Forgiveness and Second Guessing

Greetings and salutations.

Hey, hope y’all had a happy Easter. Anyway, on to the meat of the post.

As most of you know, I’ve had a rough go with an interpersonal/friendship/relationship crisis which has lead me to cut off contact for almost two months now while I figure out my feelings, and how to deal with them without causing any more emotional and mental damage. Yes, we’re talking about Special K.

One of the problems with therapy is that if you’re doing it right, you’re taking the insights you’re learning and applying them to real-life situations so that you don’t make the same mistakes. The problem is that sometimes there is a lot of second guessing. One wonders if the actions you are undertaking are good, bad, or indifferent. Granted, provided that you make the right decision, everything is fine, but getting there can be a chore since you’re never quite completely sure about some of the decisions one wants to make.

Therapy is science. Religion is spiritual. This is where my conflict arises. As a spiritual or religious person, I was taught to forgive. In forgiving, I would (in theory) be letting off the bitterness and hate that I have. And the hurt.

Nixon said it the best when he opined that “people may hate you, but they don’t win unless you hate them back. And then you’ve destroyed yourself.”

So, here’s the dilemma. I’d love to send an email to Special K, and get some stuff off my chest.

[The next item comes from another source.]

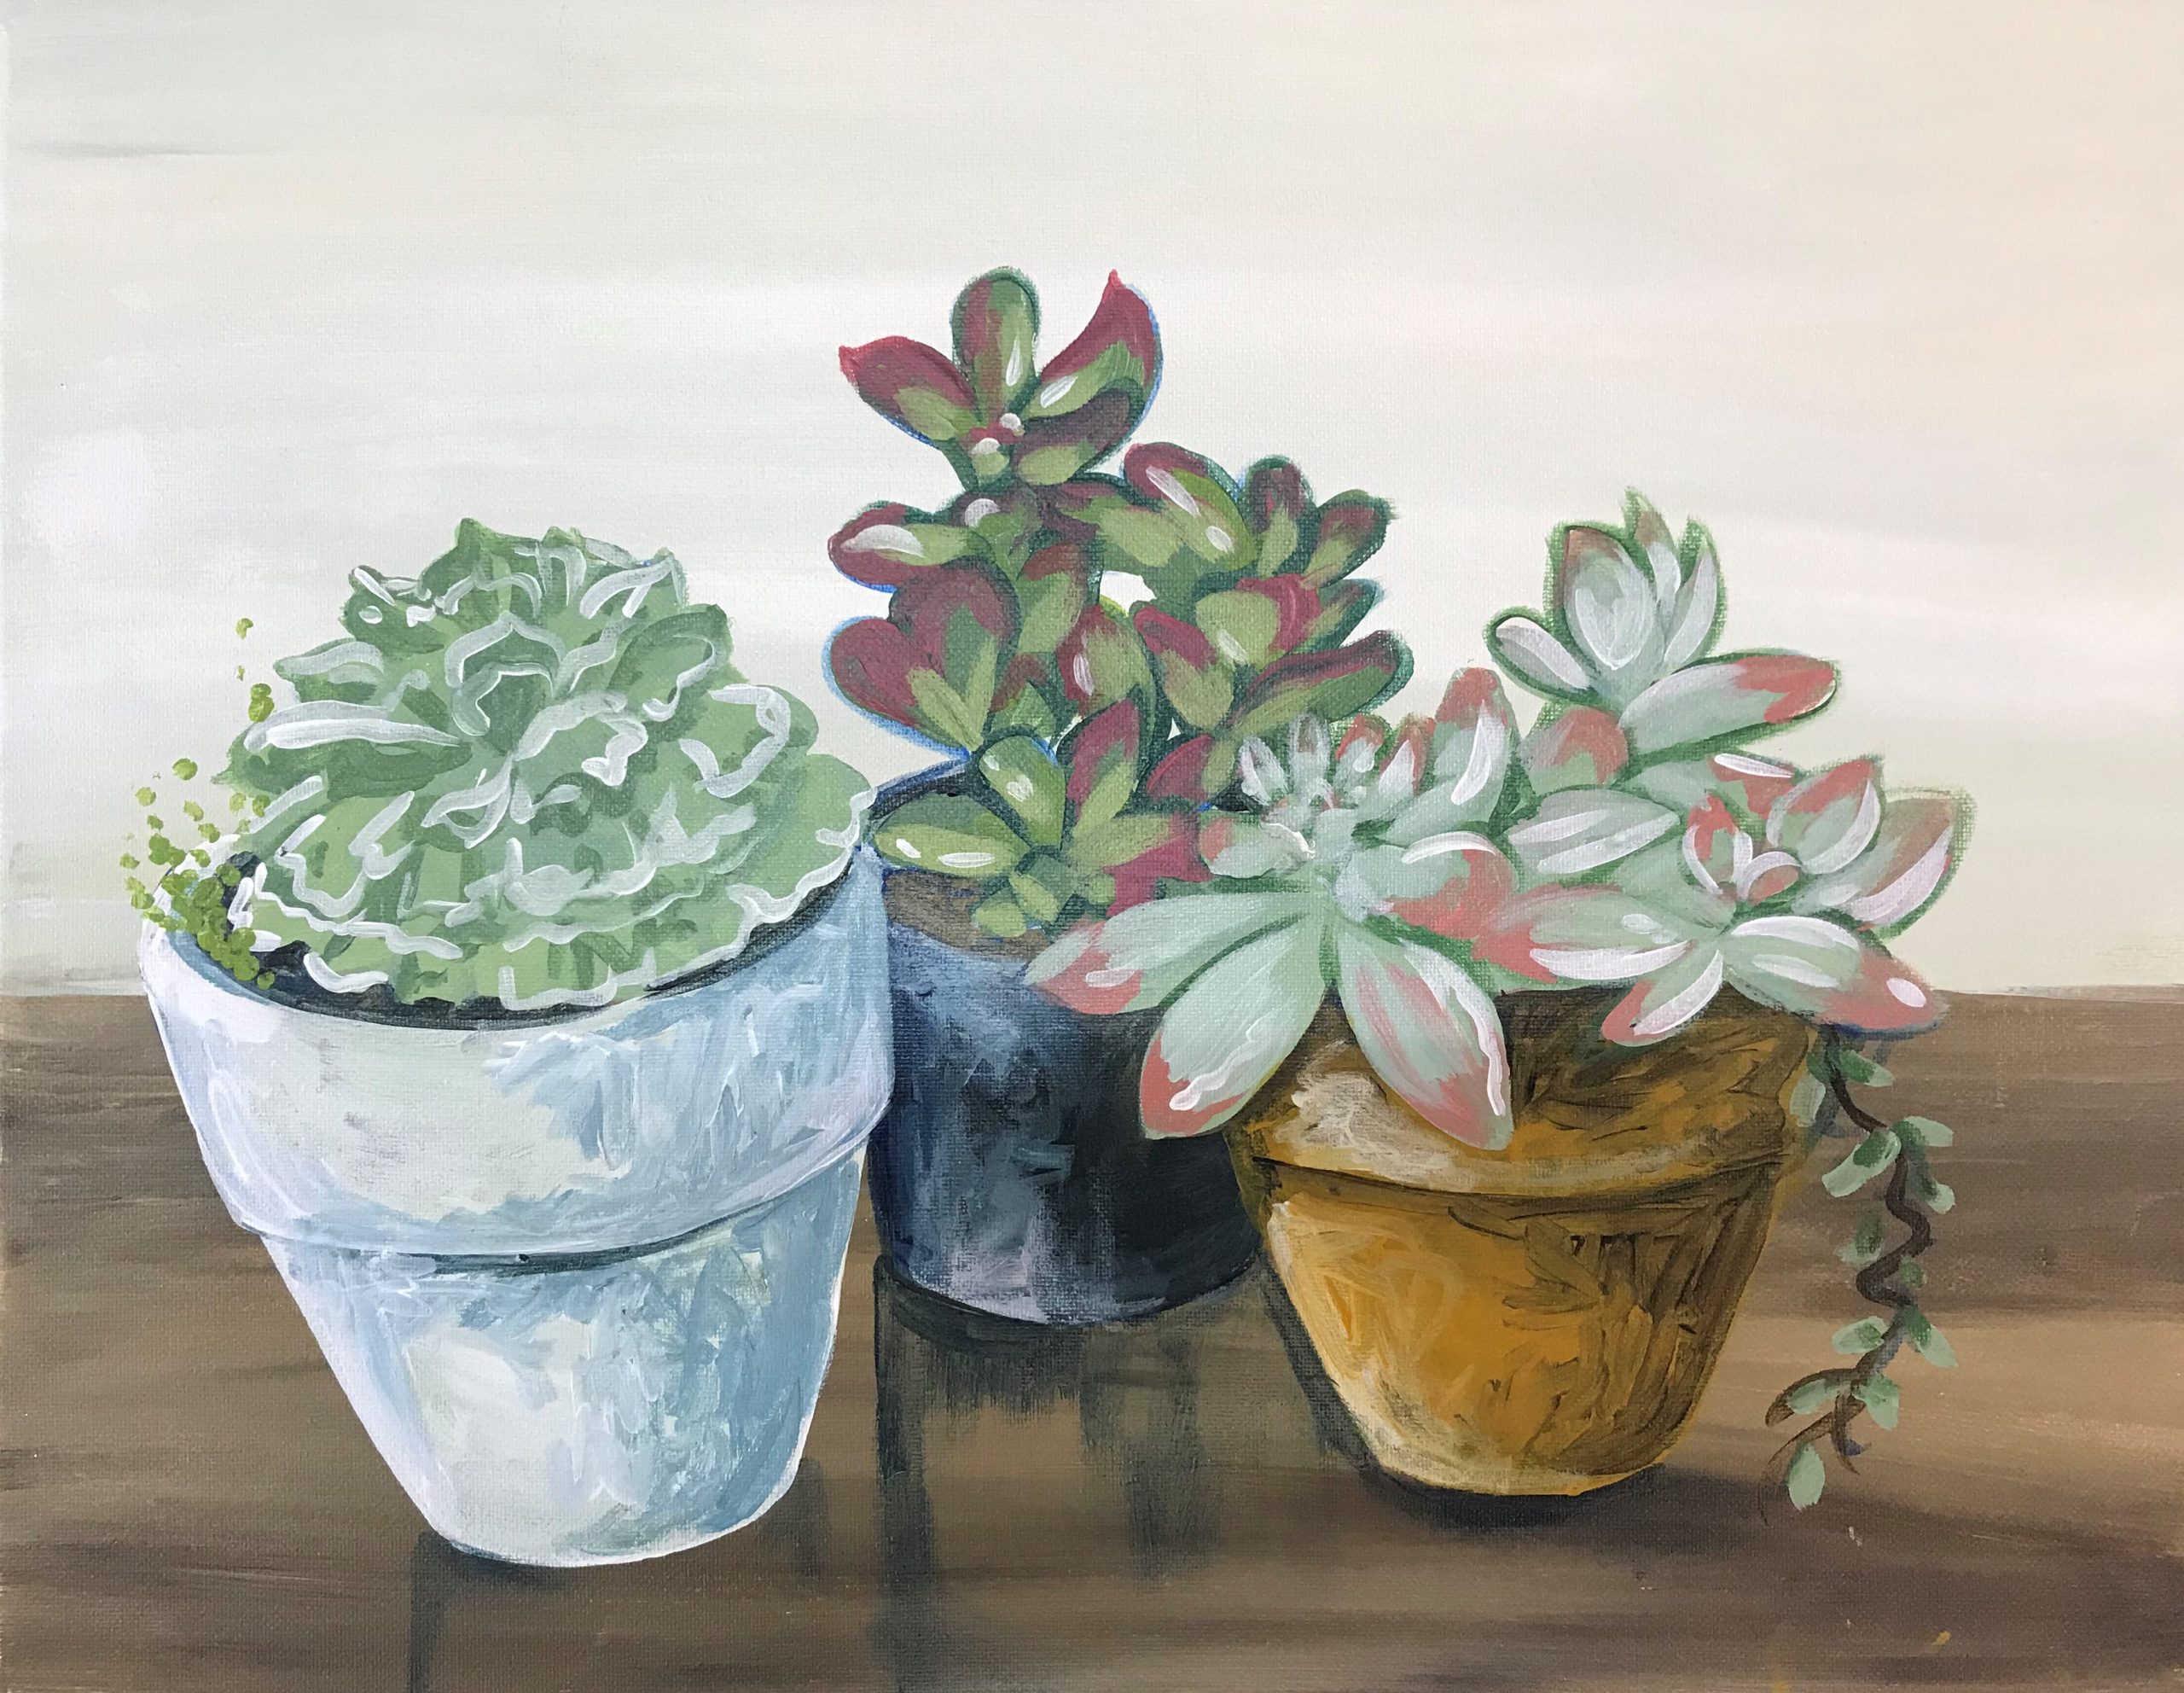 An image of painted succulents.

In light of the epiphany I received from my therapist last week, ( Tales from the couch: Part 4), I think I’m much better able to handle what may result. I agree, it will be worse than I’m thinking. And better in some ways. I could be faced with a barrage of anger. A barrage of hate, or worse, cold dismissal. I could be told that the friendship is over. I could find out that I’ve been replaced and he doesn’t need me any more.

It could also be a knock down, drag-out fight where we descend into the base nature of our personalities, each of us tell the other what we did wrong.

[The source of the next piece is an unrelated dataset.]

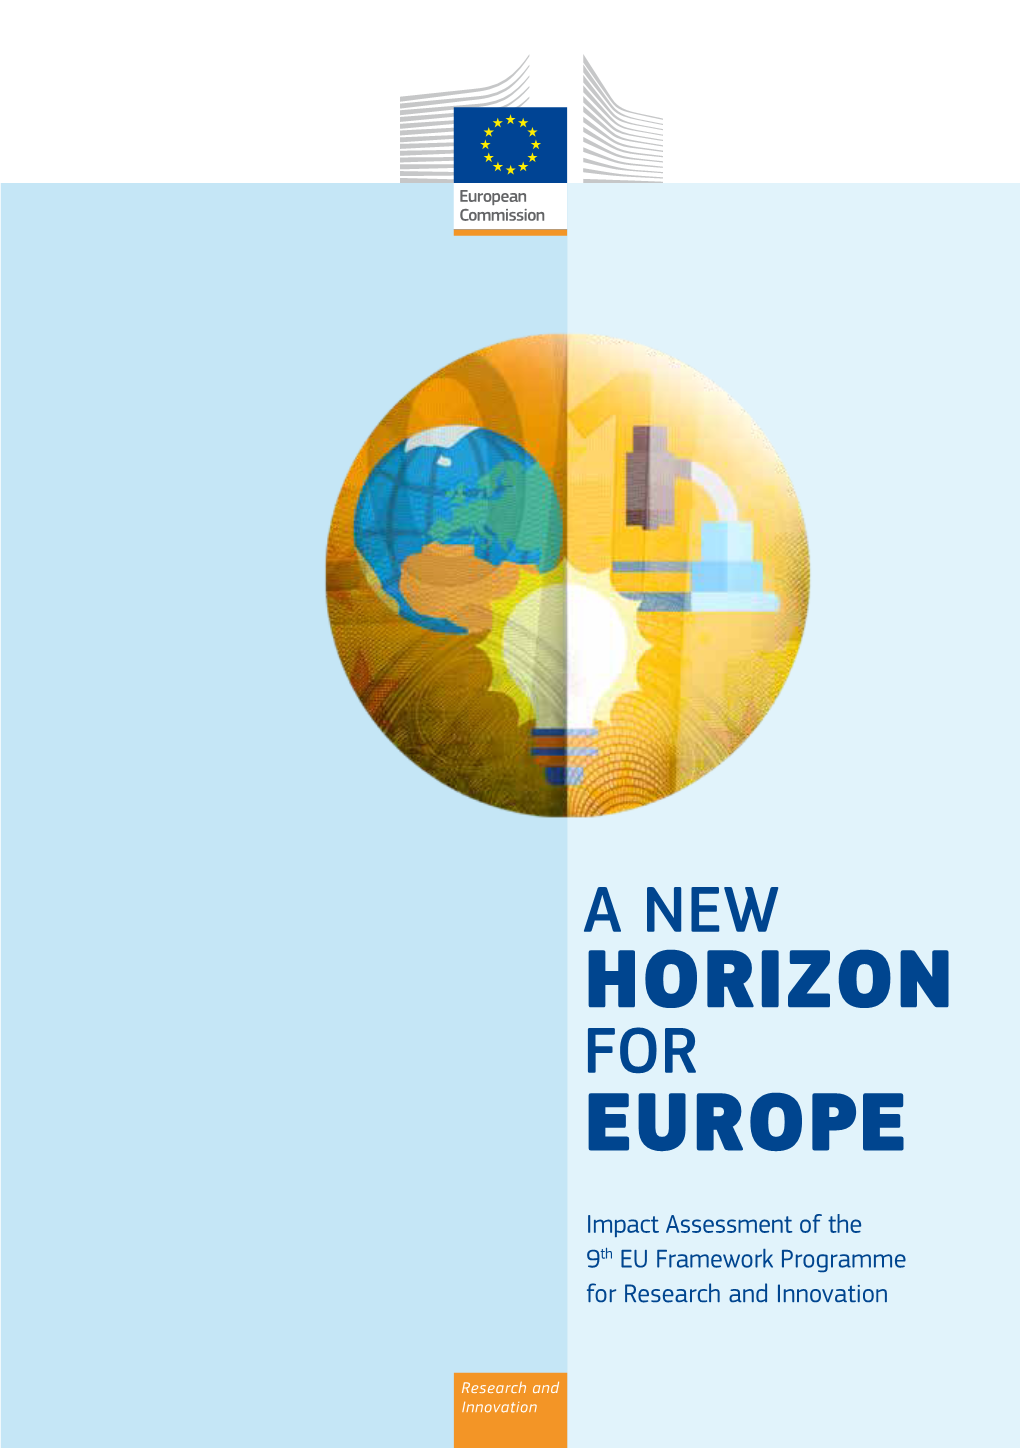 Horizon Europe Impact Assessment Has Been Slightly Condensed and Reformatted Compared to the Official Version (SWD(2018) 307 Final) That Was Published on 7 June 2018

Anyway…correction. After talking with a good friend of mine, I’ve determined that an e-mail isn’t going to be sufficient. It’s going to have to be one-to-one, face-to-face, in person conversation.

Frankly, I don’t know how it’s going to turn out. A friend of mine asked why go through all of this. I gave him a long answer, but shortened down? It’s never too late to do the right thing. It’s never too late to do what should have been done earlier.

I’m dreading this. Absolutely petrified. Face to face talks aren’t my strong suit. But now is better than later, and later is better than never. I’m sure I’ve hurt him. And I will deal with those consequences.